### Source data
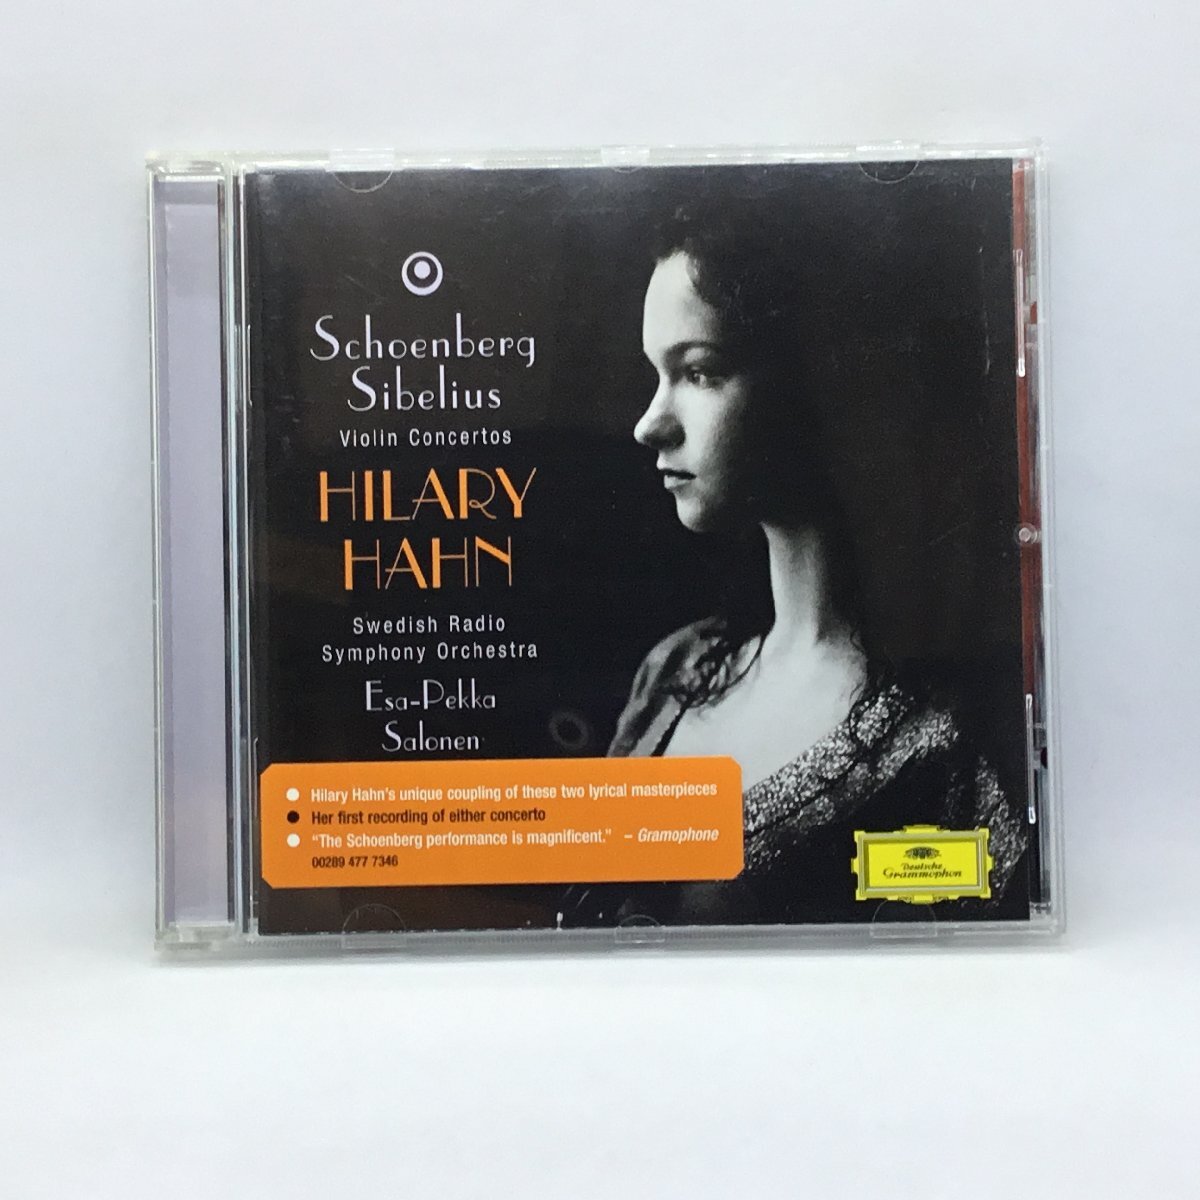  Hillary * Haan Hilary Hahn / Schoenberg/Sibelius Violin Concertos (CD) 4777346
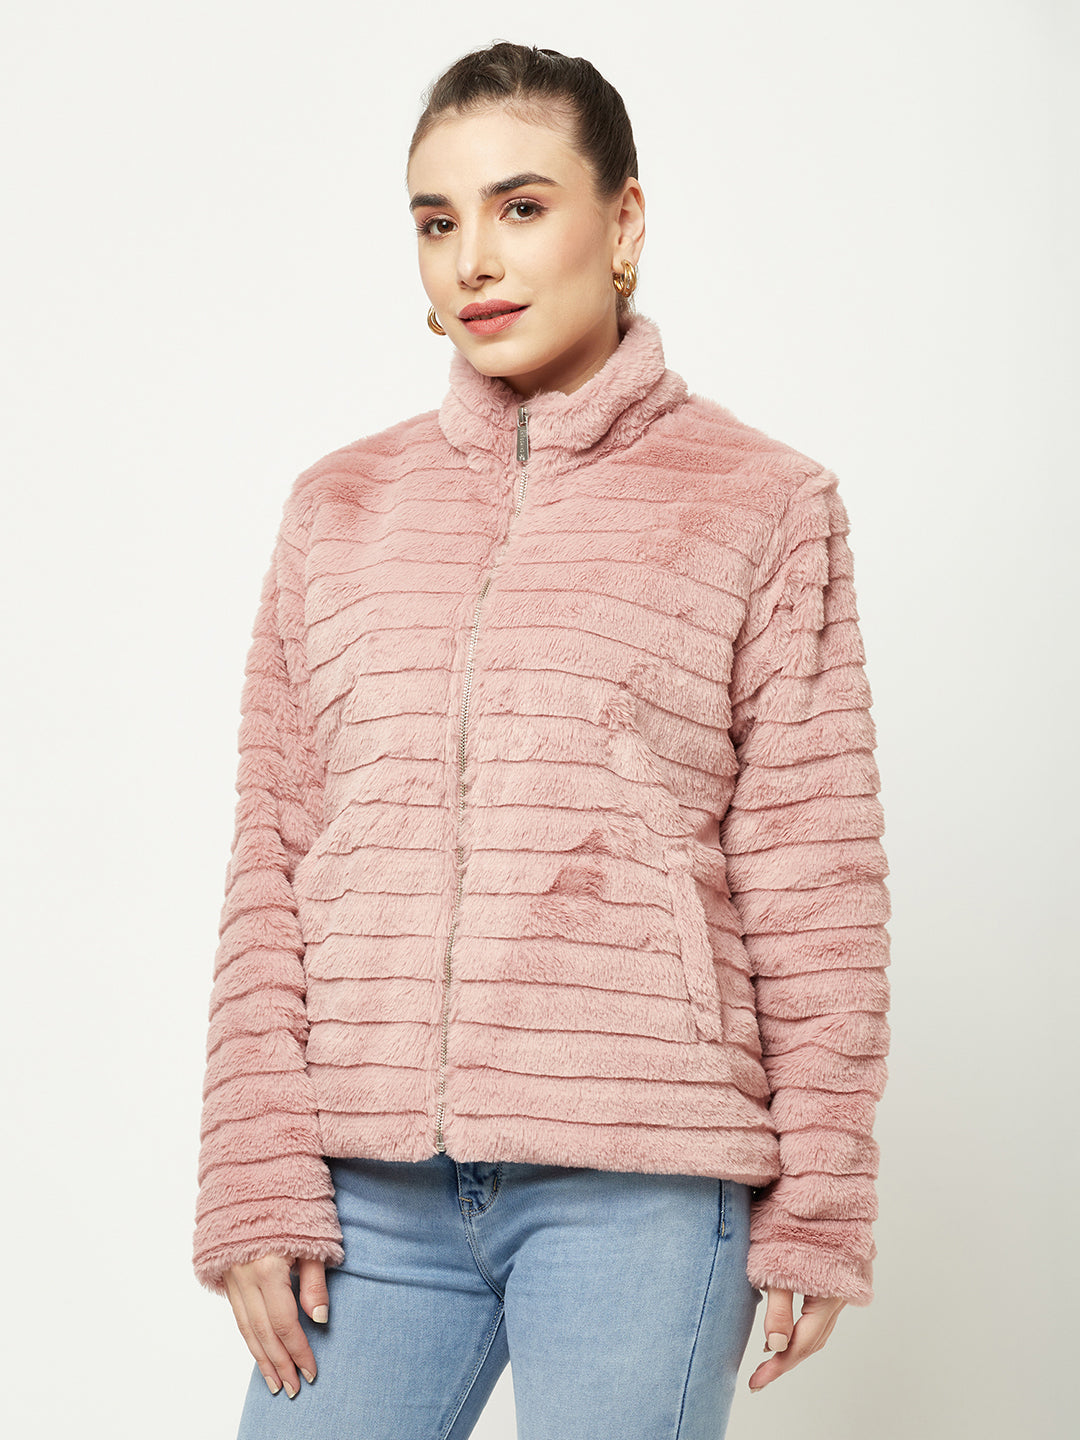   Pink Faux Fur Jacket
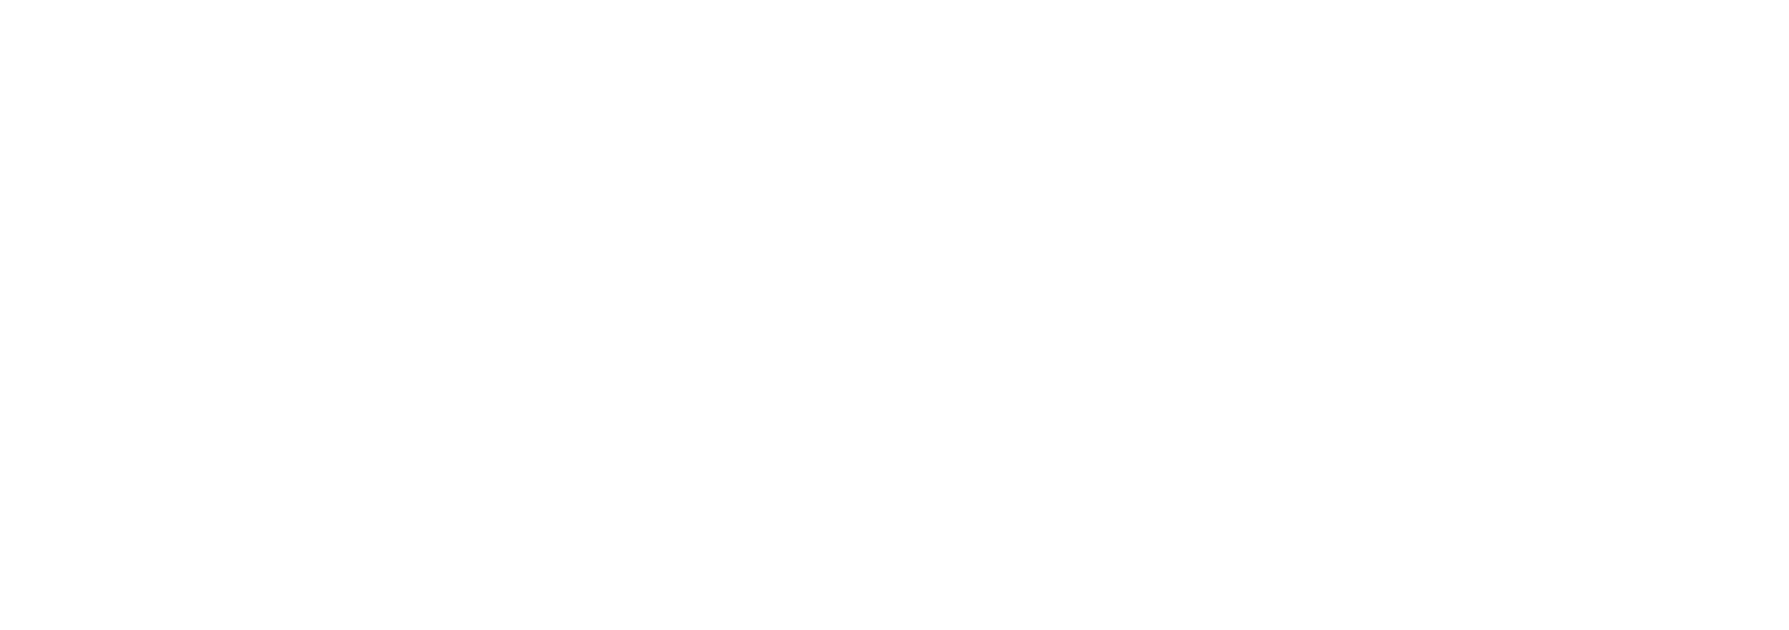 The Penthouse Logo
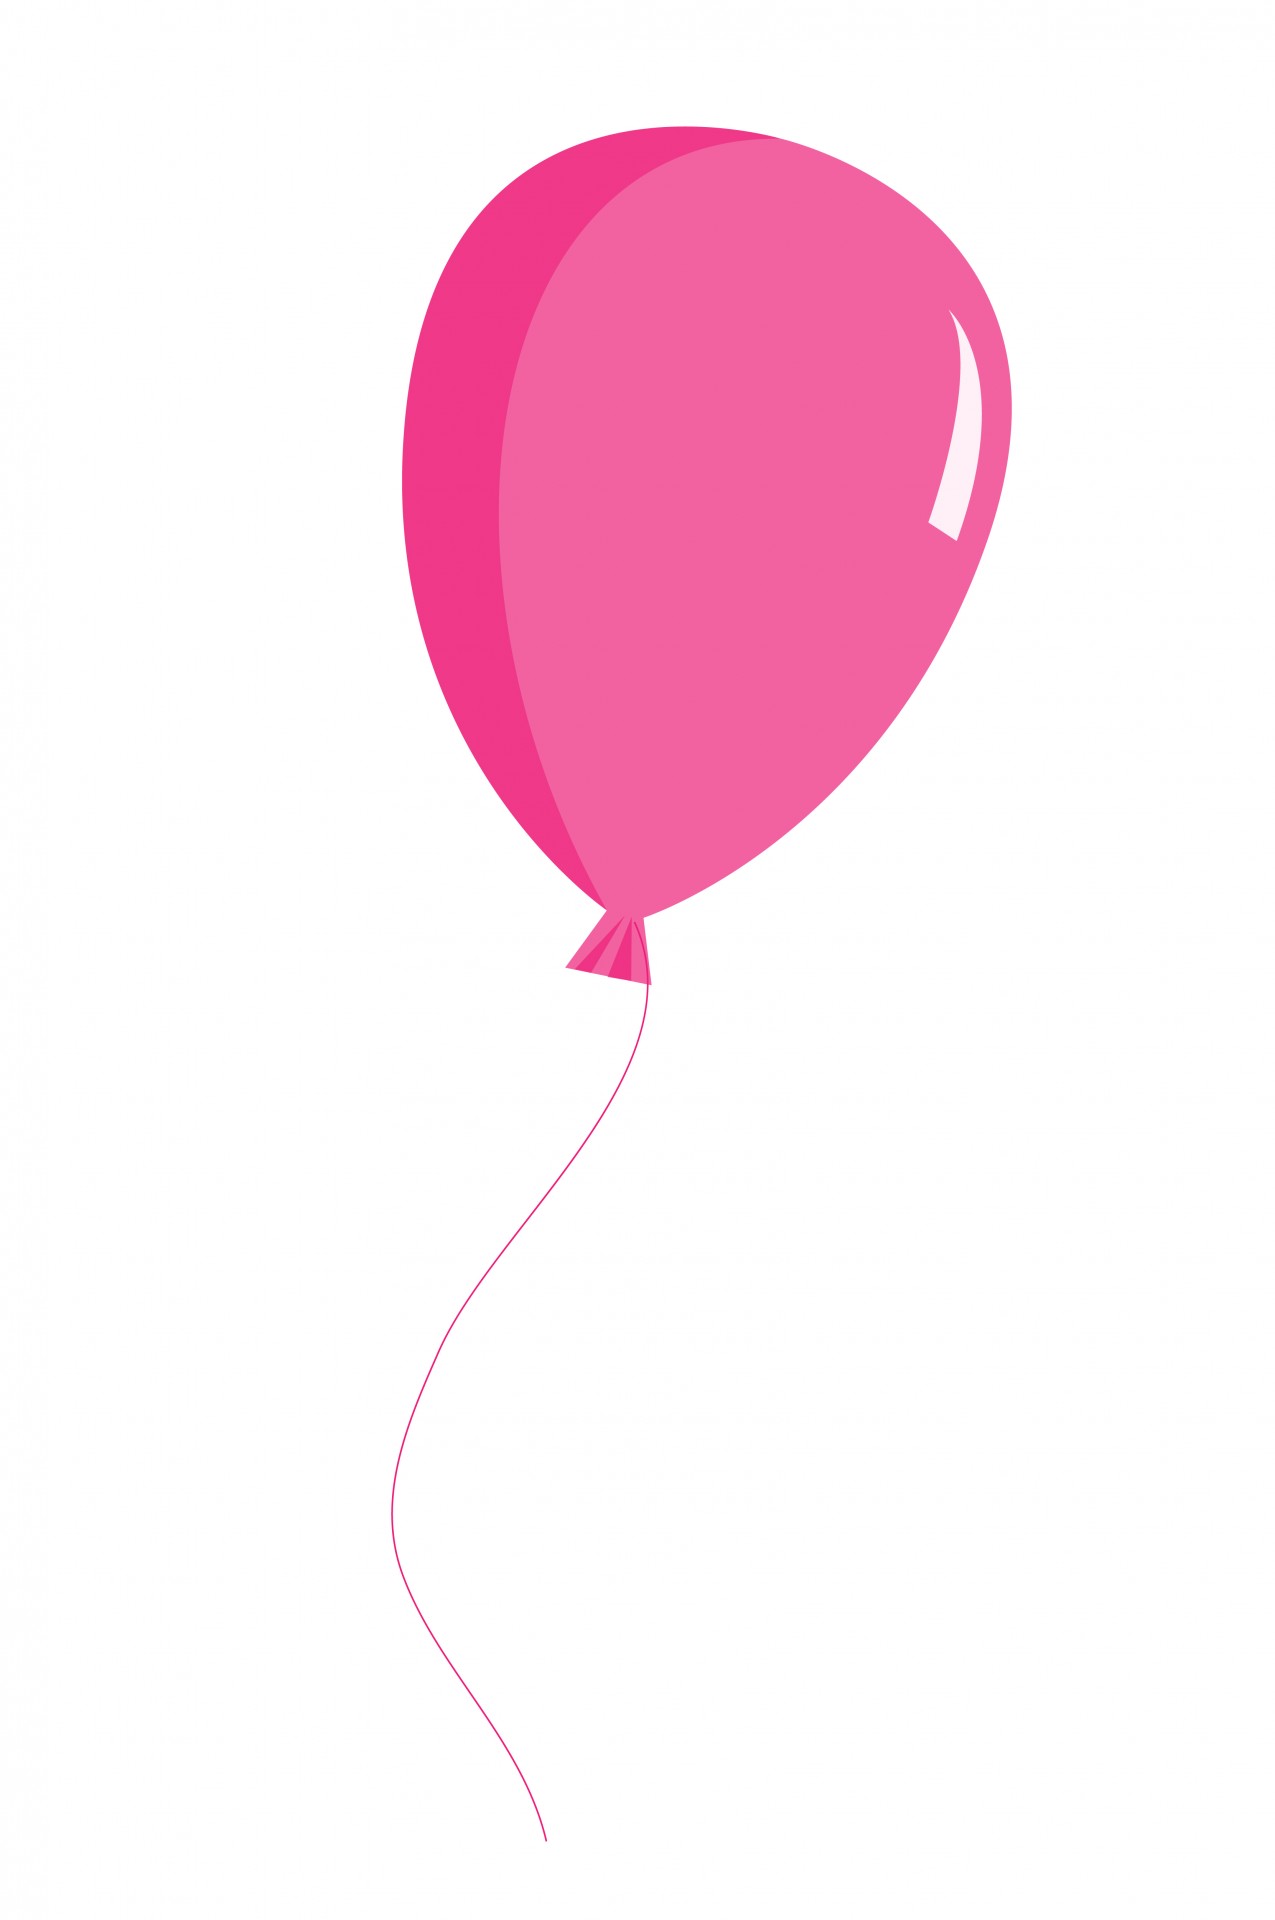 Pink clipart. Balloon free stock photo
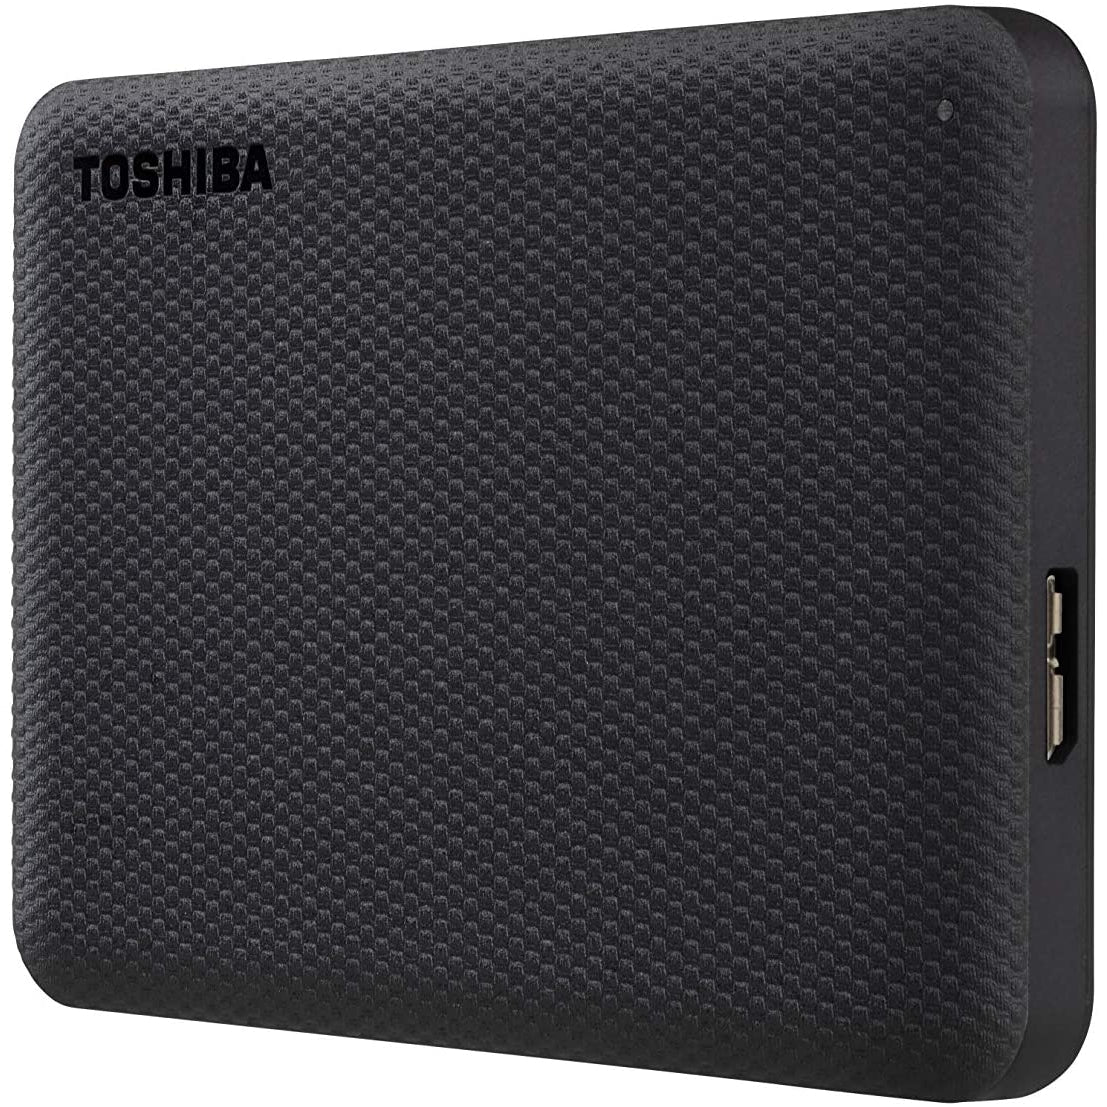 Toshiba Canvio Advance 1TB Portable External Hard Drive USB 3.0, Black - Refurbished Excellent

### Work to complete
Write the lines out exactly, beginning at the line that holds "Pink Faux Fur Jacket" and stopping after the last line of the entries; include no pictures.

### Answer box
   Pink Faux Fur Jacket
 The Penthouse Logo
 Pink clipart. Balloon free stock photo
 Toshiba Canvio Advance 1TB Portable External Hard Drive USB 3.0, Black - Refurbished Excellent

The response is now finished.